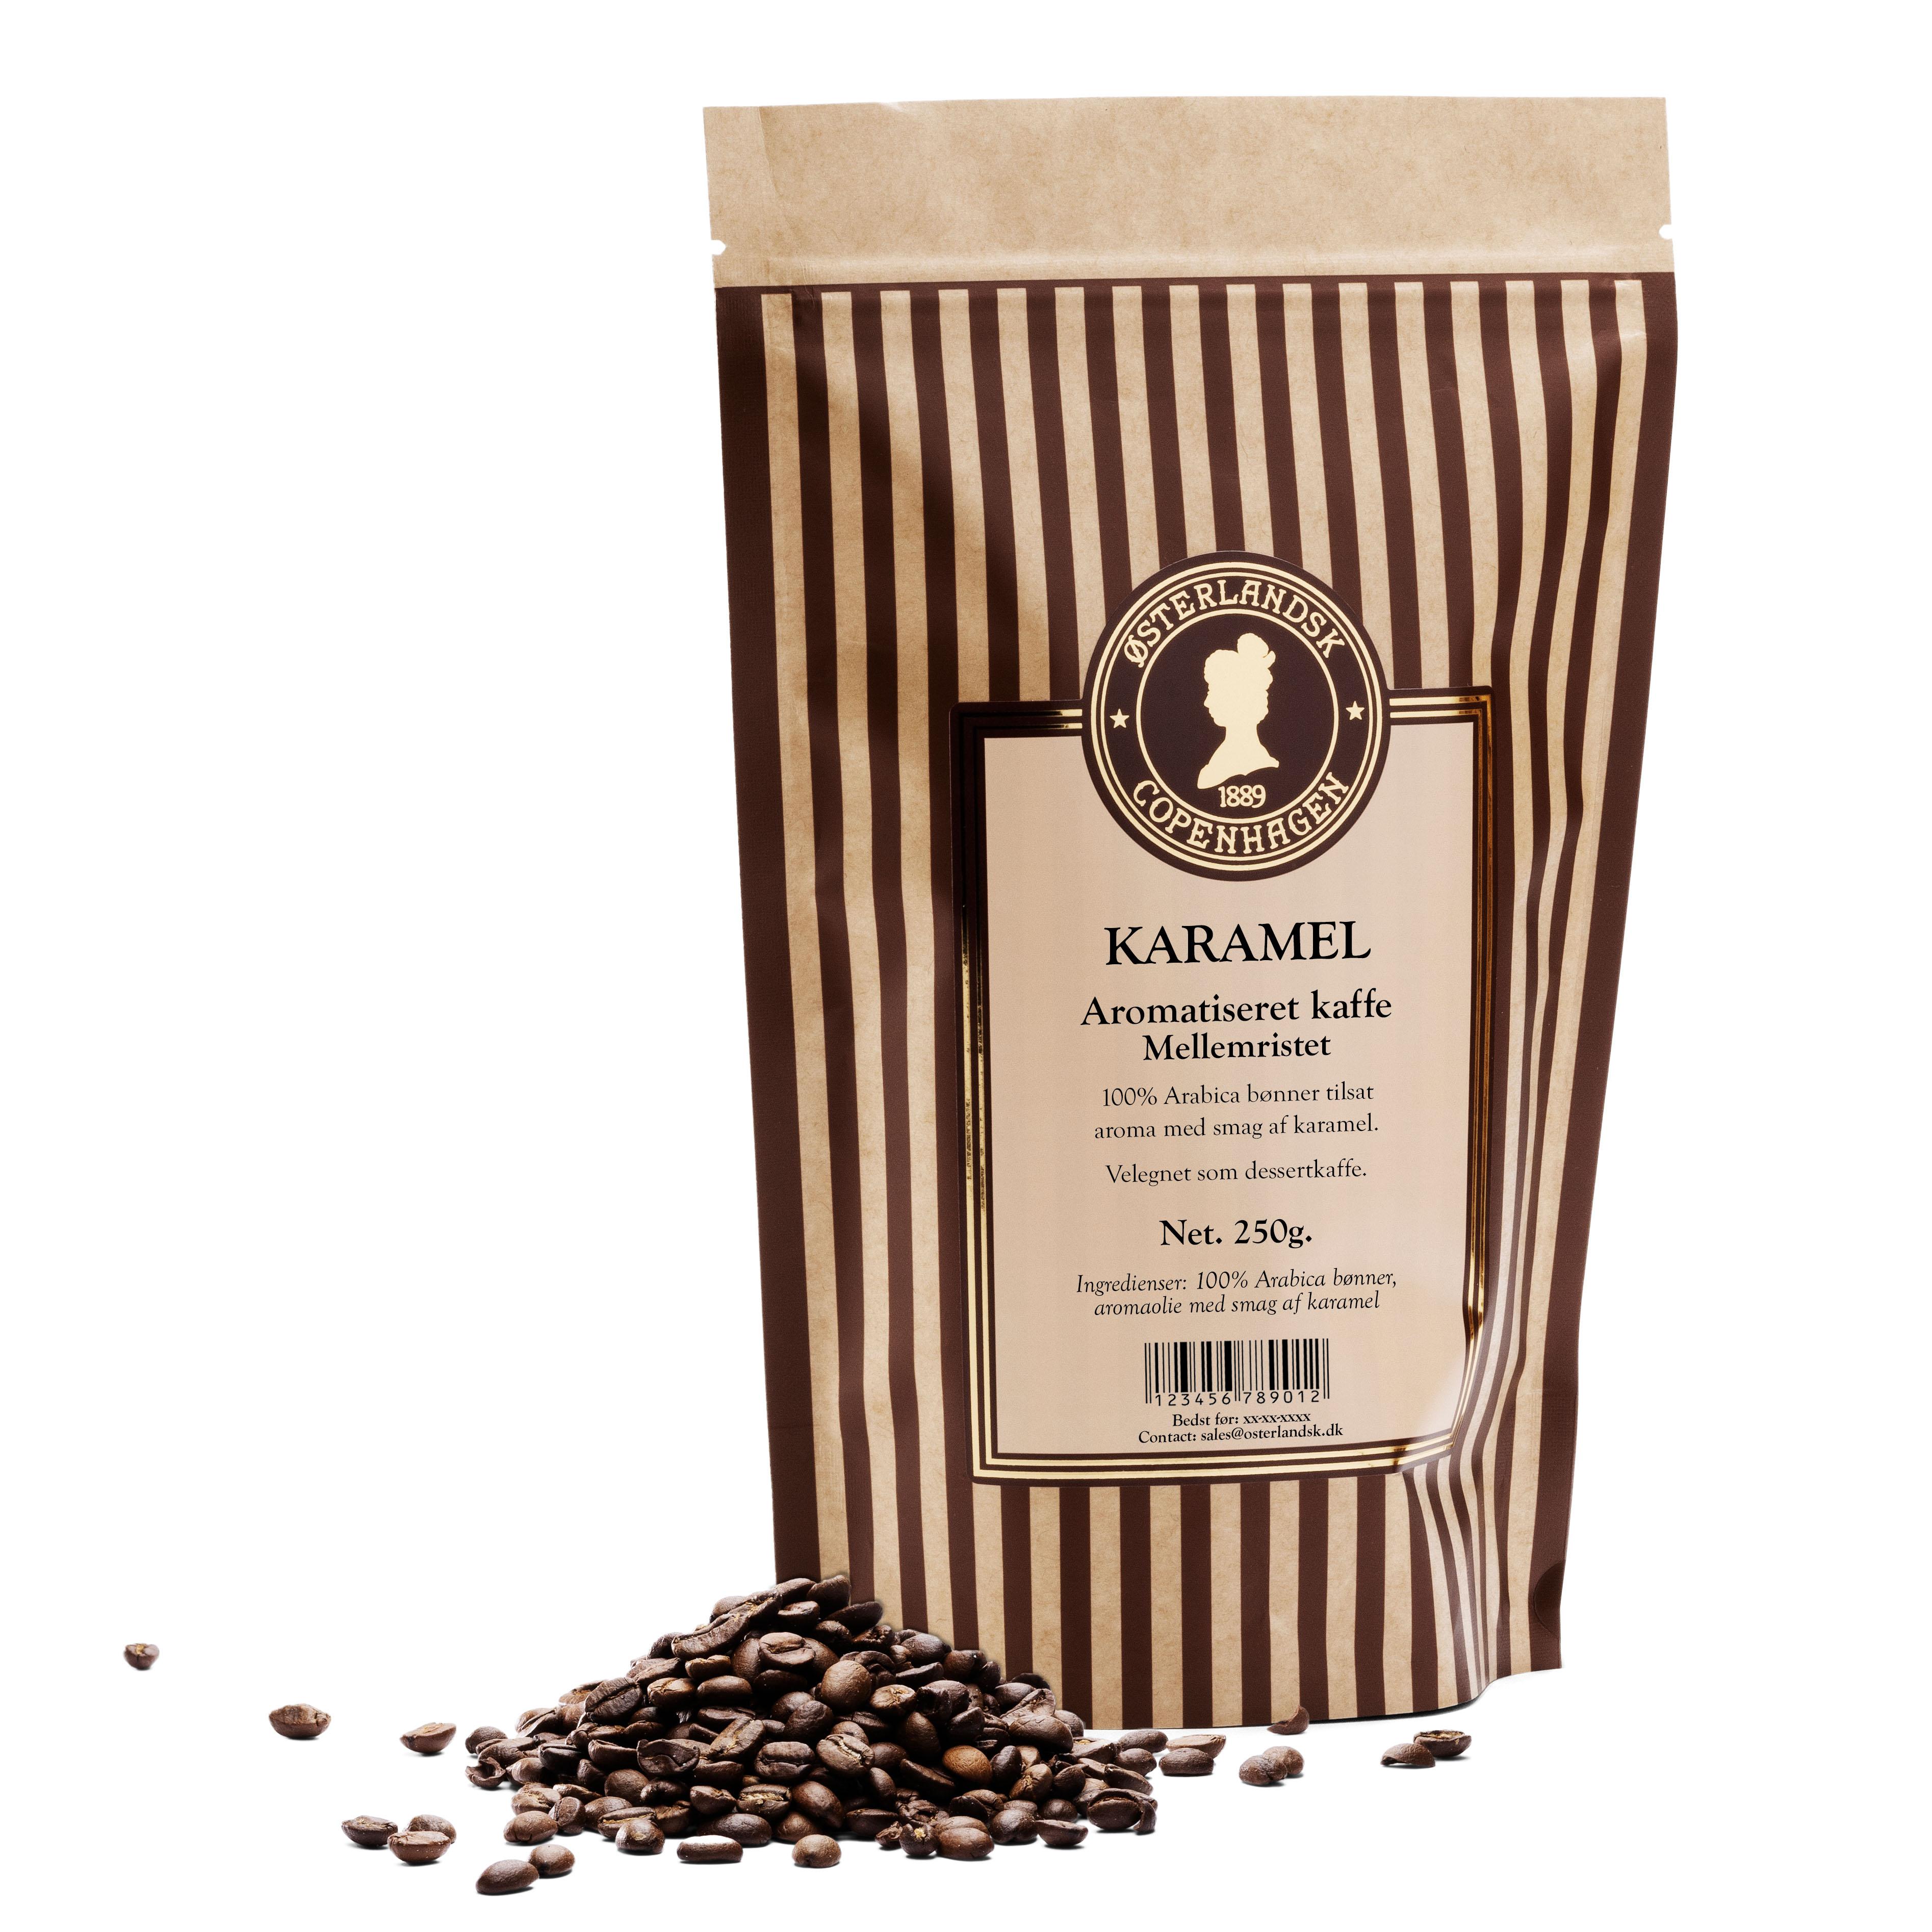 Karamel kaffe 250g
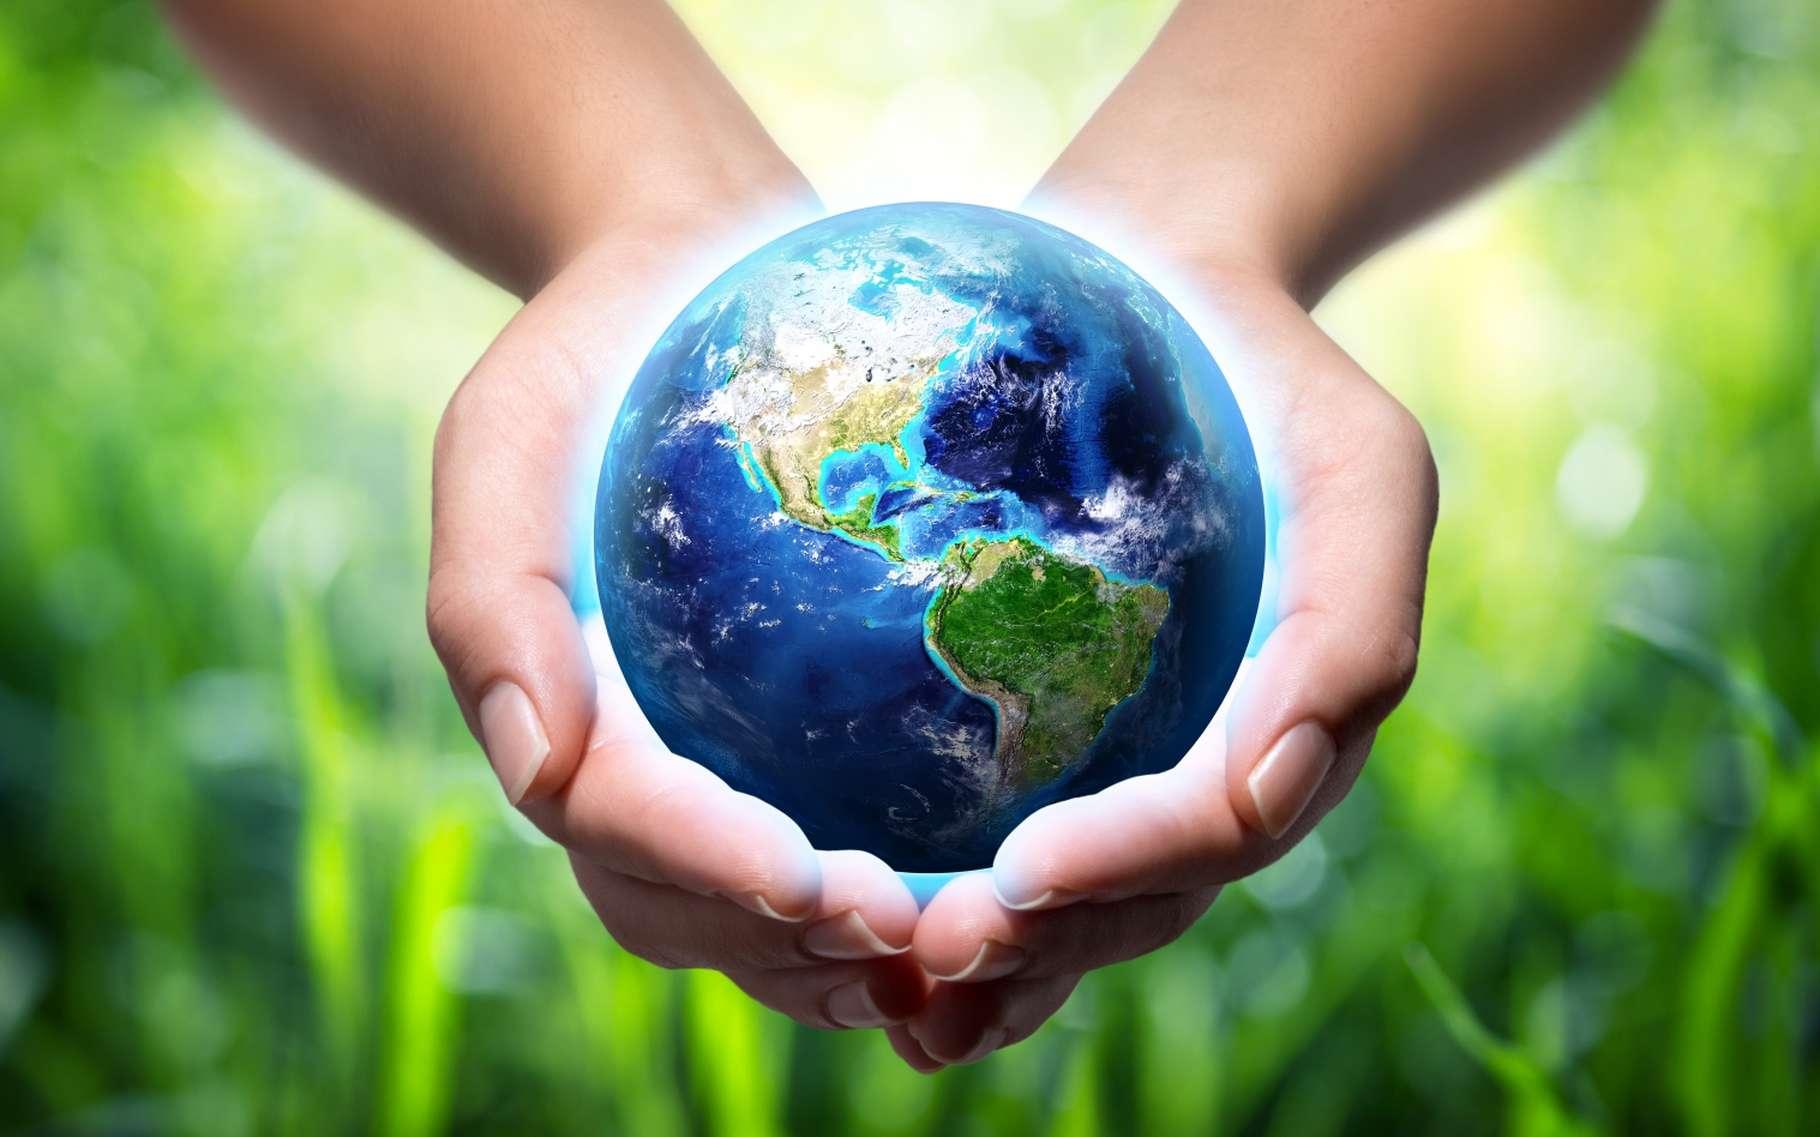 La COP 22 s'est achevée avec un peu d'amertume mais de nombreux programmes sont déjà lancés. © Romolo Tavani, Shutterstock
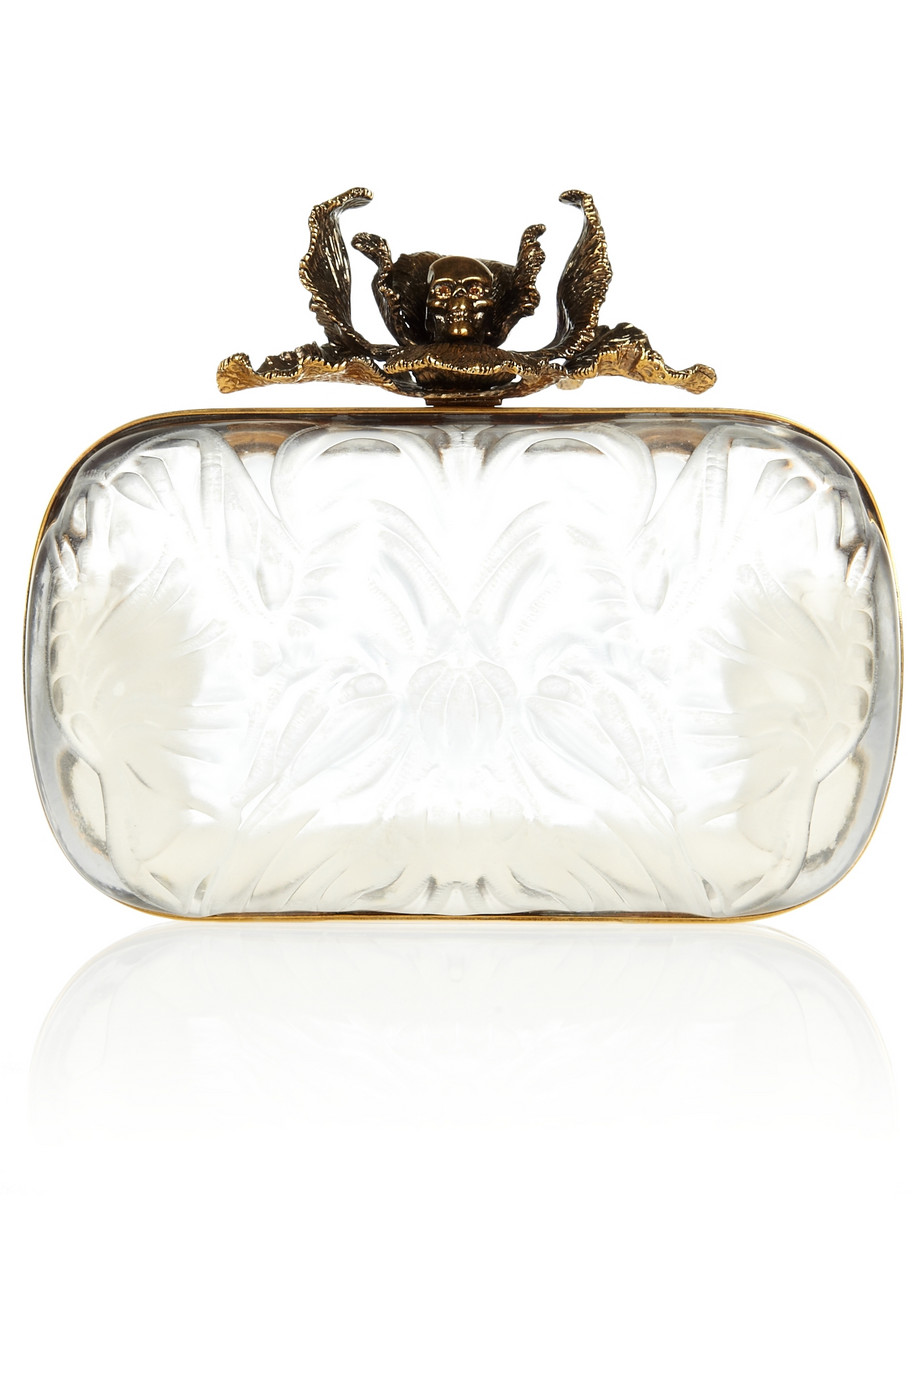 Torebka Alexander McQueen Iris Box Clutch
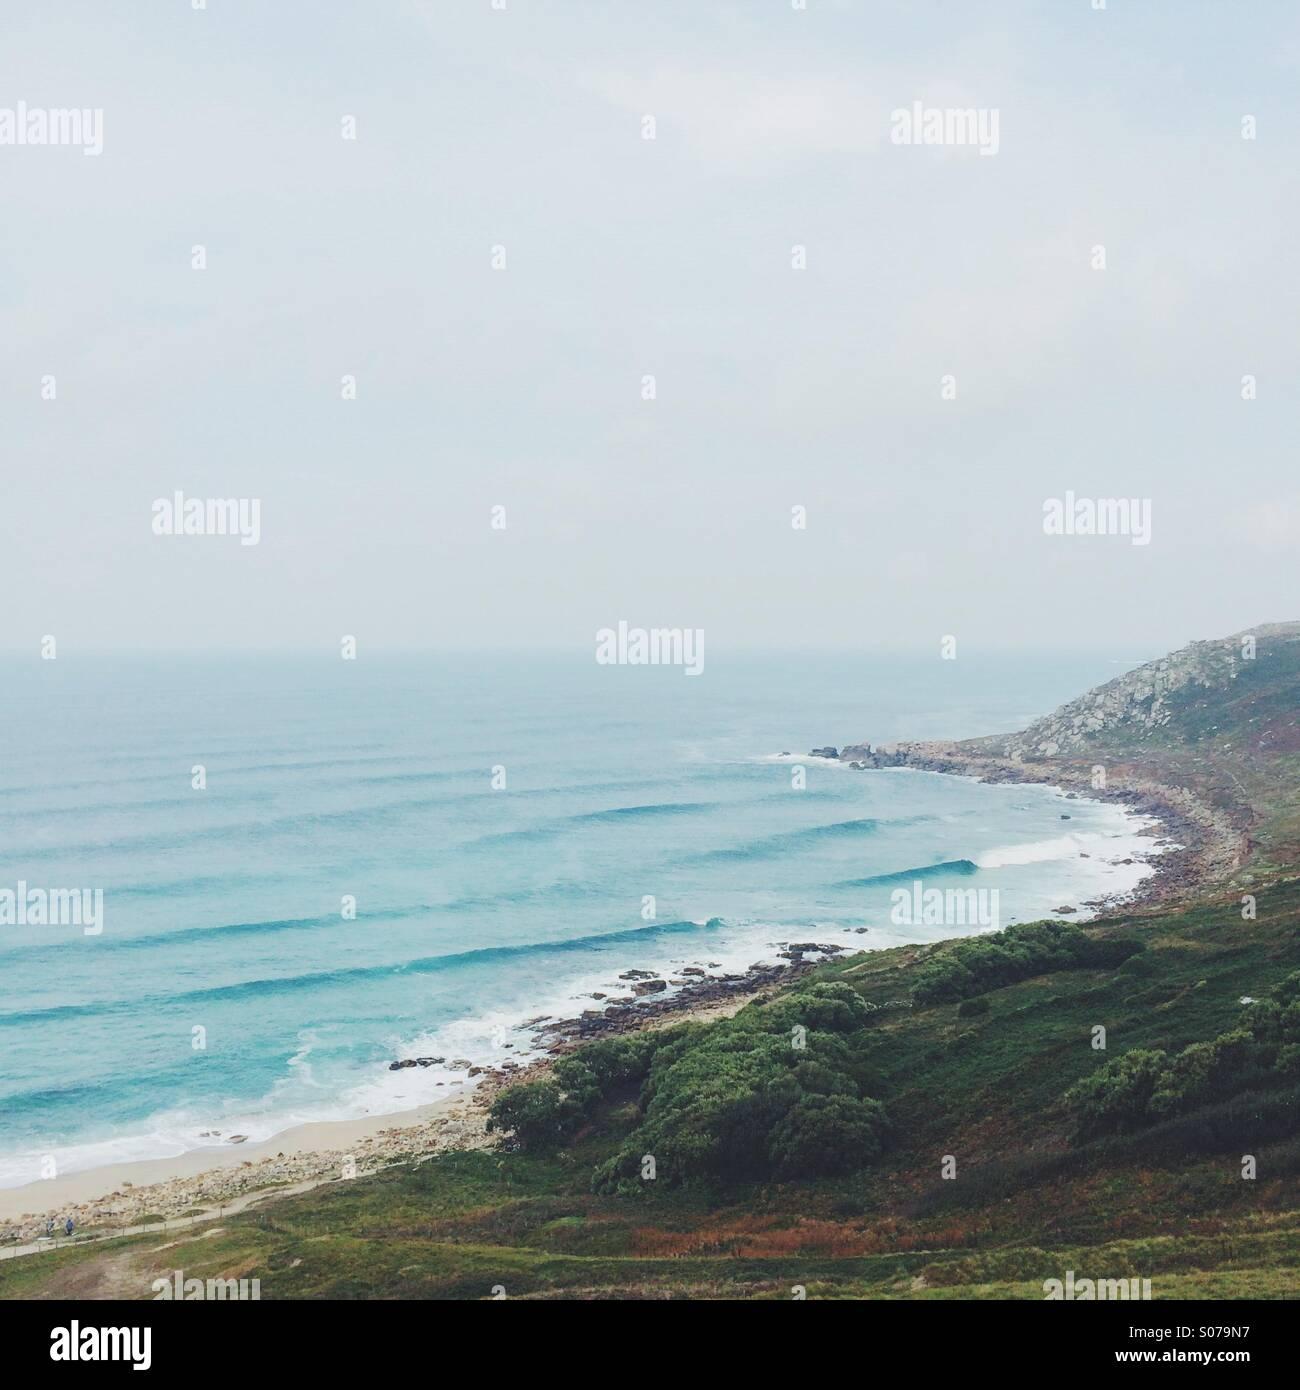 Rouler dans les vagues d'un rivage rocailleux et de pointe. Photo Stock
━━━━━━
Only the lines from the one containing "Torebka Alexander McQueen Iris Box Clutch" through the last line of the material are to be restated word for word; no picture is to be included.

**Your solution**
 Torebka Alexander McQueen Iris Box Clutch
 Rouler dans les vagues d'un rivage rocailleux et de pointe. Photo Stock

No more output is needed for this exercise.